Georgestown is a Neighbourhood Improvement Area in St. John's, Newfoundland and Labrador a short distance north from downtown of St. John's. This was established in the 1970s as part of an effort by Federal and local government to improve inner cities. Originally what was known as Georgestown village was much smaller and only "extended from Donnelly's Lane to what is now Belvedere Street". The neighbourhood improvement area includes, in addition to the original Georgestown, the former Monkstown and Tubridtown, along with adjoining land, including Circular Road, and Belvedere Street as well as some other parts of the former Belvedere Estate. It is bordered by Military Road (north side), Monkstown Road (both sides), Empire Avenue, a small part of Carpasian Road, the east side of Bonaventure Avenue, and Holy Heart and Brother Rice Schools to the west. It was settled, around 1819, as the city's first suburb. The name is an evolution of "George (Winter)'s Town", as it was known in the 19th century.

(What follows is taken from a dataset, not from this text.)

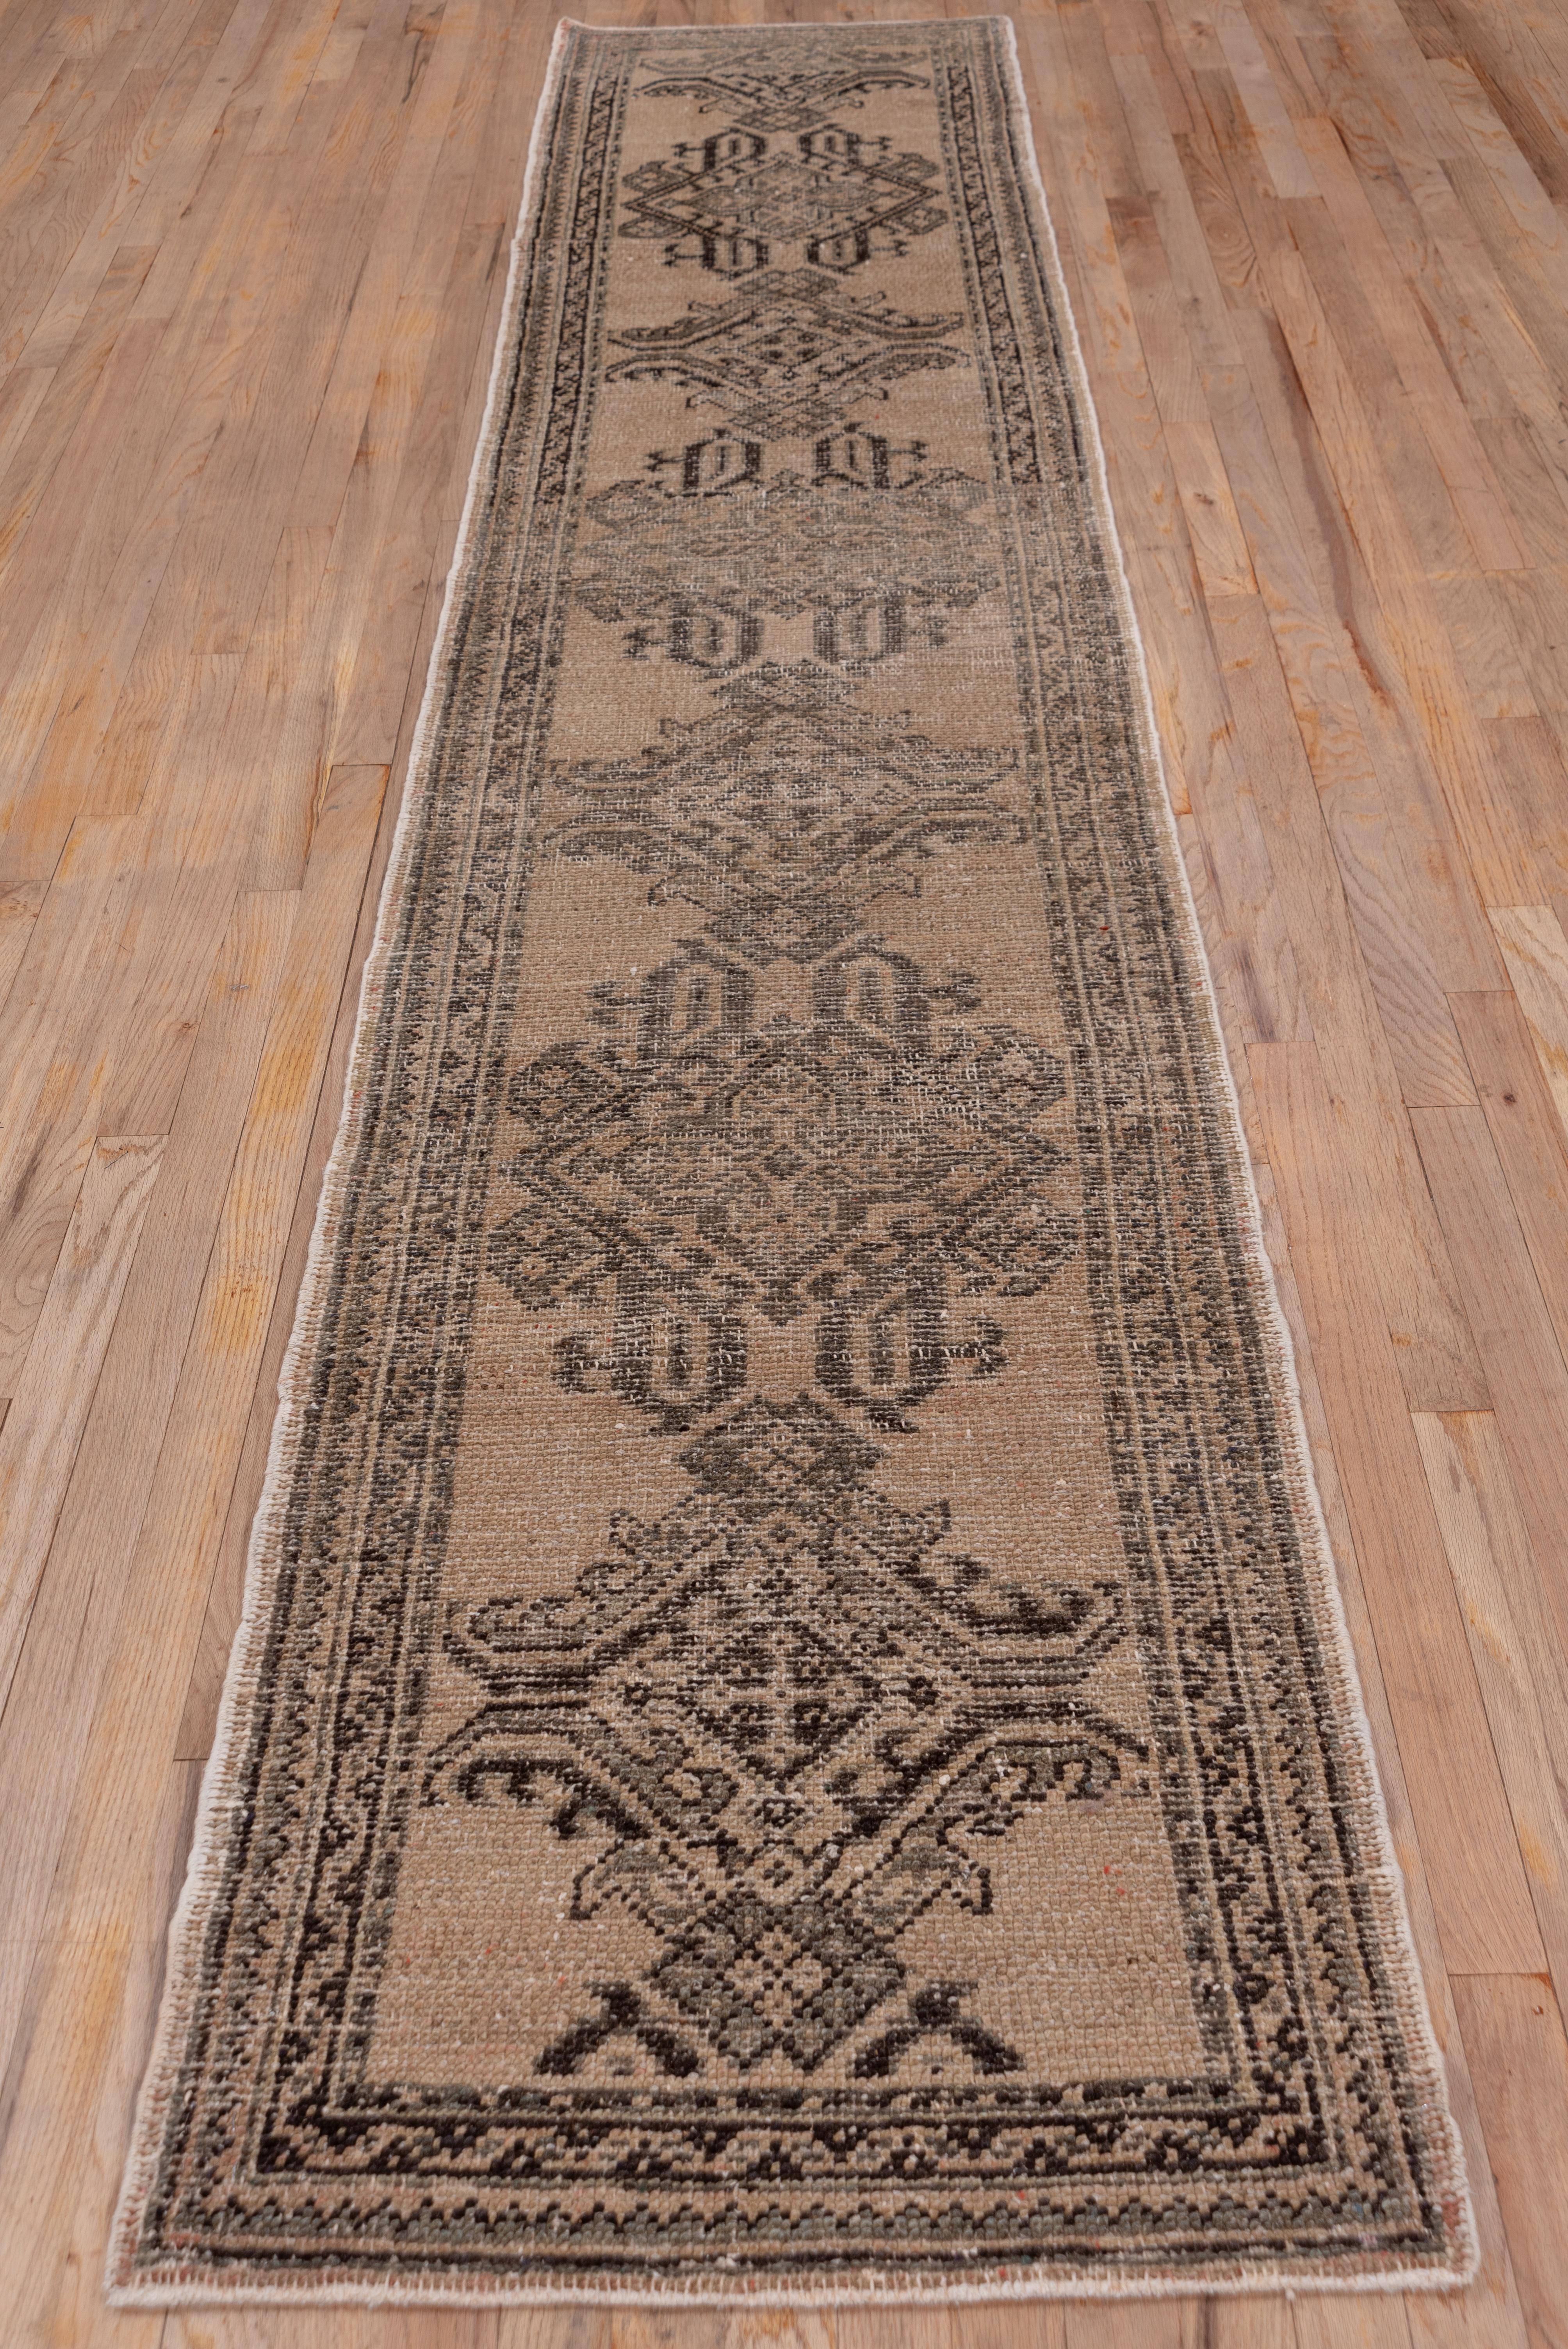 The oatmeal ground of this west Turkish workshop runner displays a single column Yaprak (Leaf) design in dark brown and green, within similarly toned narrow geometric borders.

The use of the term "town" is indicative of the Irish ancestry of many of the residents of St John's: "[Irish] baile 'a town ... a place'. In place-names, a street or neighbourhood in St John's and other communities on the Avalon Peninsula". Also, in St John's, there is Rabbittown, and Hoylestown.

==History==
After major fires in St John's in November 1817 a delegation of citizens approached George Winter, who owned land north of Military Road, near Fort Townsend (a British military base), with the intent of establishing a village in a safer area. This led to the establishment of what became known as George's town (later Georgestown–sometimes called Georgetown), The village was built on five acres, on the southern slope above Duggan's Gully, a thousand feet to the north of Military Road, and by 1830 George's Town "extended from Donnelly's Lane to what is now Belvedere Street"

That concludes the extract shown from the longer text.